Quando a ciência encontra a emoção
por Barbara DemerovAos que já estão familiarizados com a frase "Ignorance is a bliss" ("A ignorância é uma bênção"), o título deste filme tem muita relação com seu significado. Bliss, dirigido por Mike Cahill, utiliza um cenário futurista e distópico, em que os personagens se dividem entre um mundo perfeito e outro realista, que não pode ser controlado por ações externas. No meio de diversas dúvidas, questões e pontos de virada inesperados, está o personagem Greg (Owen Wilson), um profissional que se sente perdido em seus próprios pensamentos.
A razão pela qual o protagonista se sente "offline" em seu próprio mundo é apresentada ao longo do filme, que se arrisca ao iniciar uma jornada com diversas interrogações sem entregar um ponto sólido ou uma base para o espectador. A atmosfera mais tecnológica (e a mais interessante) só pode ser visualizada no segundo terço, e tal escolha de Cahill certamente atinge a imersão na história de forma direta. Apesar de ser intrigante o fato de Greg ter sonhado com a misteriosa Isabel (Salma Hayek), quando a esperada revelação é feita perde-se boa parte da emoção.
Filme mistura sci-fi com ação em clima Black Mirror, mas história cheia de incertezas acaba por não se sustentar tão bem
Após a revelação, o lançamento do Prime Video se transforma em praticamente um filme de ação, com perseguições inusitadas e a junção de dois "mundos" tão contrastantes. Isso não seria exatamente um problema caso o filme também dedicasse um tempo a mais para explicar as motivações de Isabel com relação à realidade paralela que foi criada através da ciência. Mas isso não acontece, e a explicação encontra apenas um patamar bem raso no que se diz respeito ao valor que as pessoas dão às coisas materiais e imateriais.
A discussão sobre o valor da vida não deixa de ser interessante - afinal, Greg possui uma filha que mal conhece no mundo de mentira e, ainda assim, sente-se mais à vontade lá do que no mundo perfeito -, mas Bliss não é capaz de sustentar tão bem sua ideia original.
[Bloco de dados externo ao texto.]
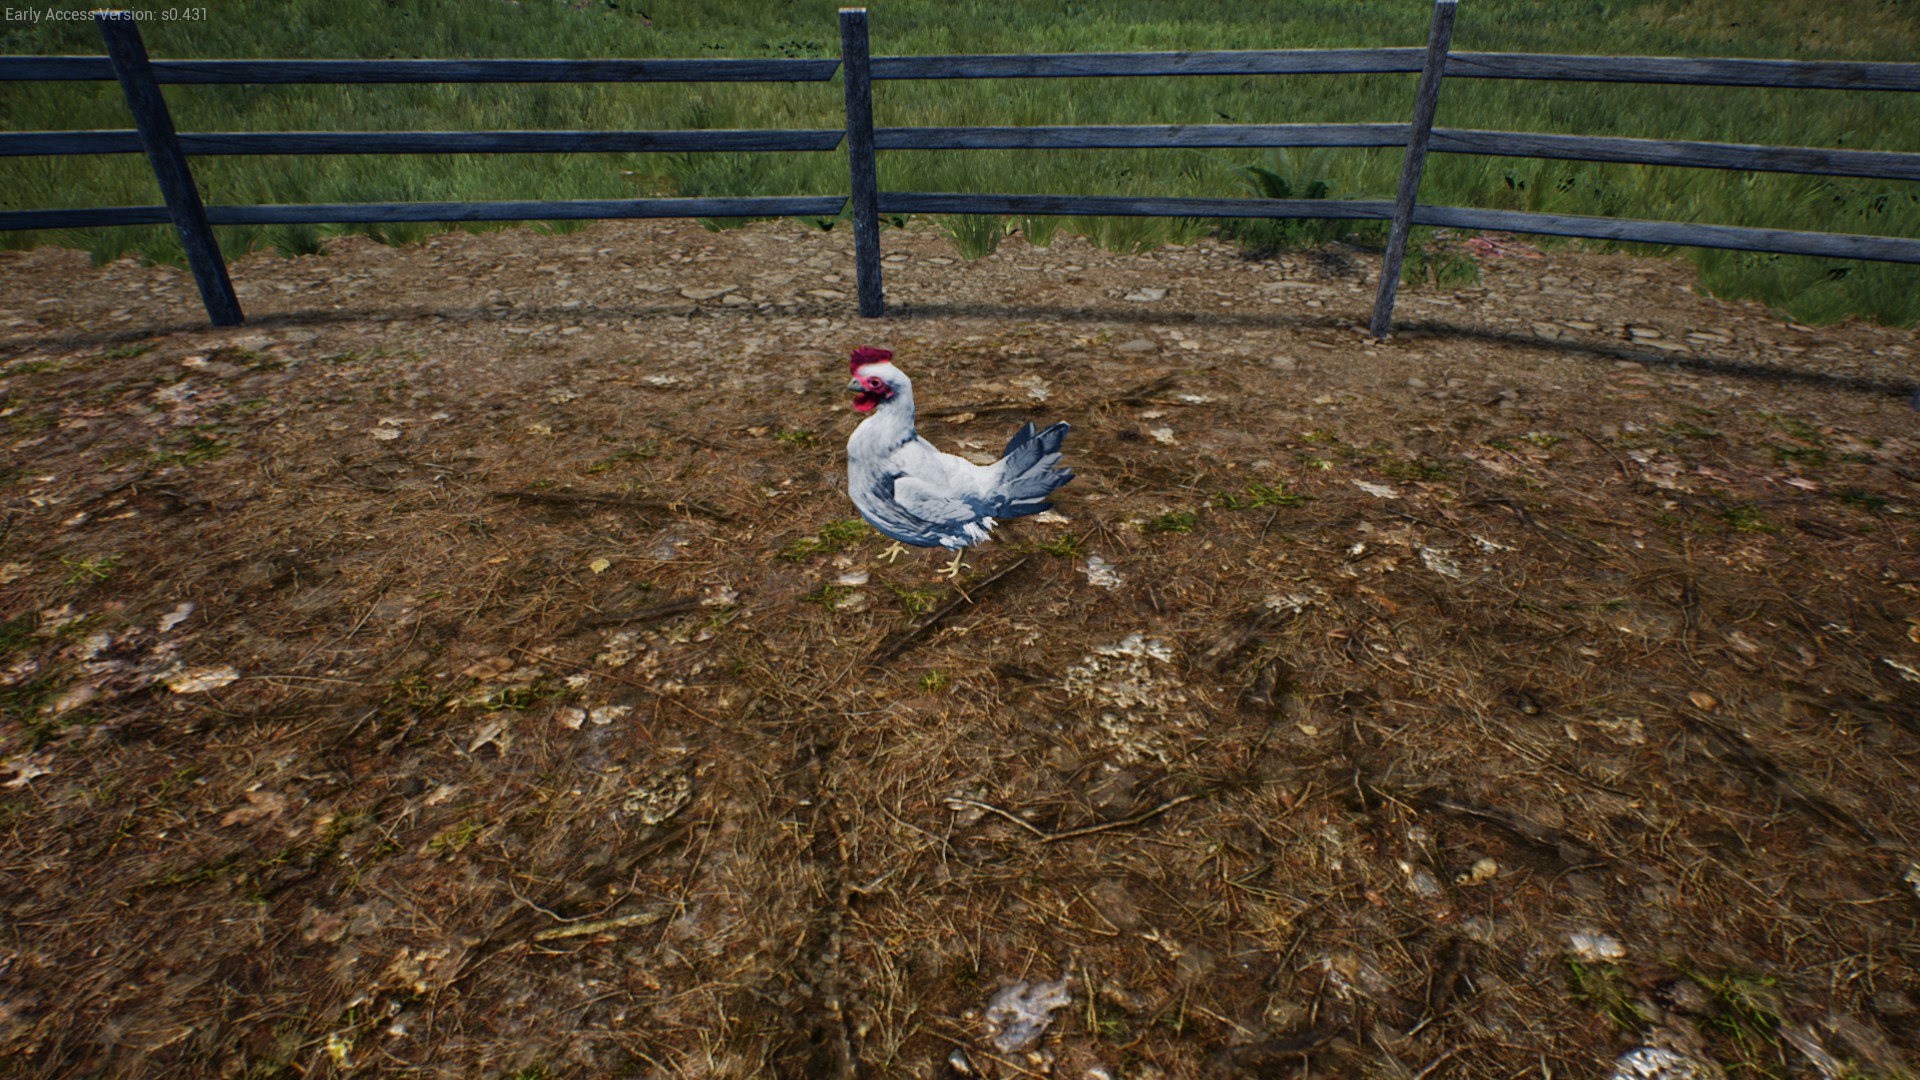 Ranch Simulator - Full Guide & Walkthrough - Chickens + Chicken Coop - 59926B8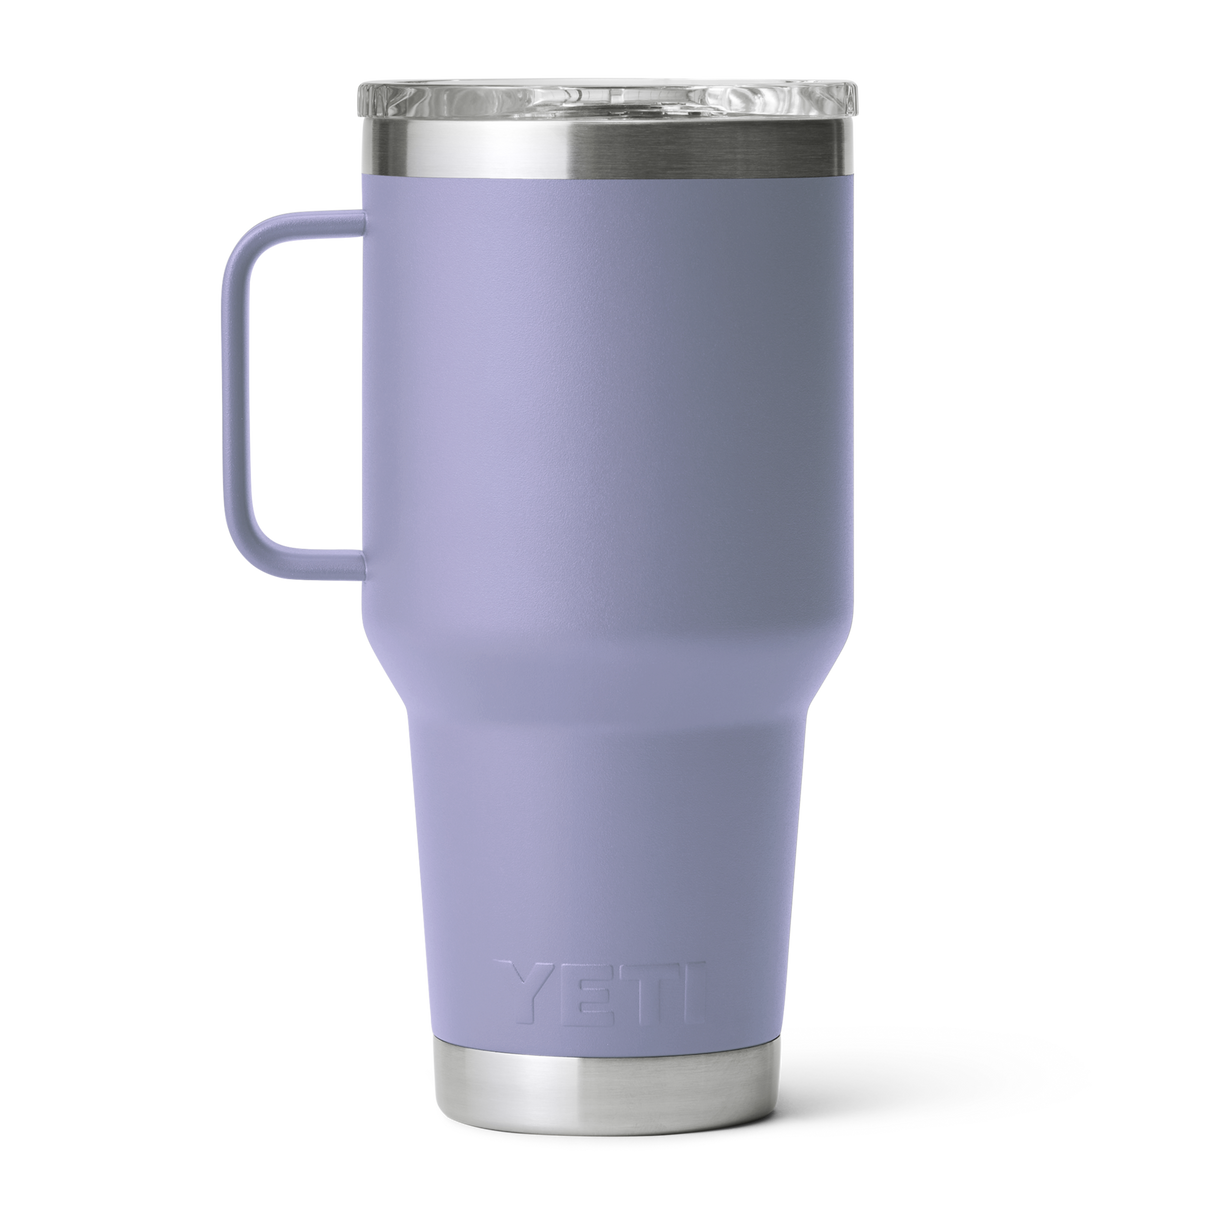 YETI Rambler 30 oz Travel Mug

Como o ponto de partida é o universo que conhecemos hoje, falho e imprevisível, é isso o que o espectador mais verá ao longo da narrativa.
Quando somos transportados para ambientes paradisíacos e modernos, tudo parece realmente artificial, como se aquele mundo fosse uma mentira. É claro que isso pode ser uma provocação do diretor, cuja provocação está no ato de criticar a idealização que podemos ter sobre a tal da "vida perfeita", mas isso acaba não se encaixando tão bem na narrativa como um todo.
Elementos como a filha de Greg, o relacionamento amoroso entre Greg e Isabel e a vontade de Isabel em se provar uma boa cientista são intercaladas a todo o momento sem dar profundidade ao todo. Em teoria, Bliss possui ótimas ideias e alguns possíveis desdobramentos são apresentados em diversas passagens do filme, mas as particularidades da história (especialmente no que se diz respeito às duas vidas de Greg) não são costuradas à trama principal para que tudo flua melhor. Como resultado, o filme funciona apenas quando analisamos aspectos de forma individual, pois a obra, em sua totalidade, não atinge um nível satisfatório.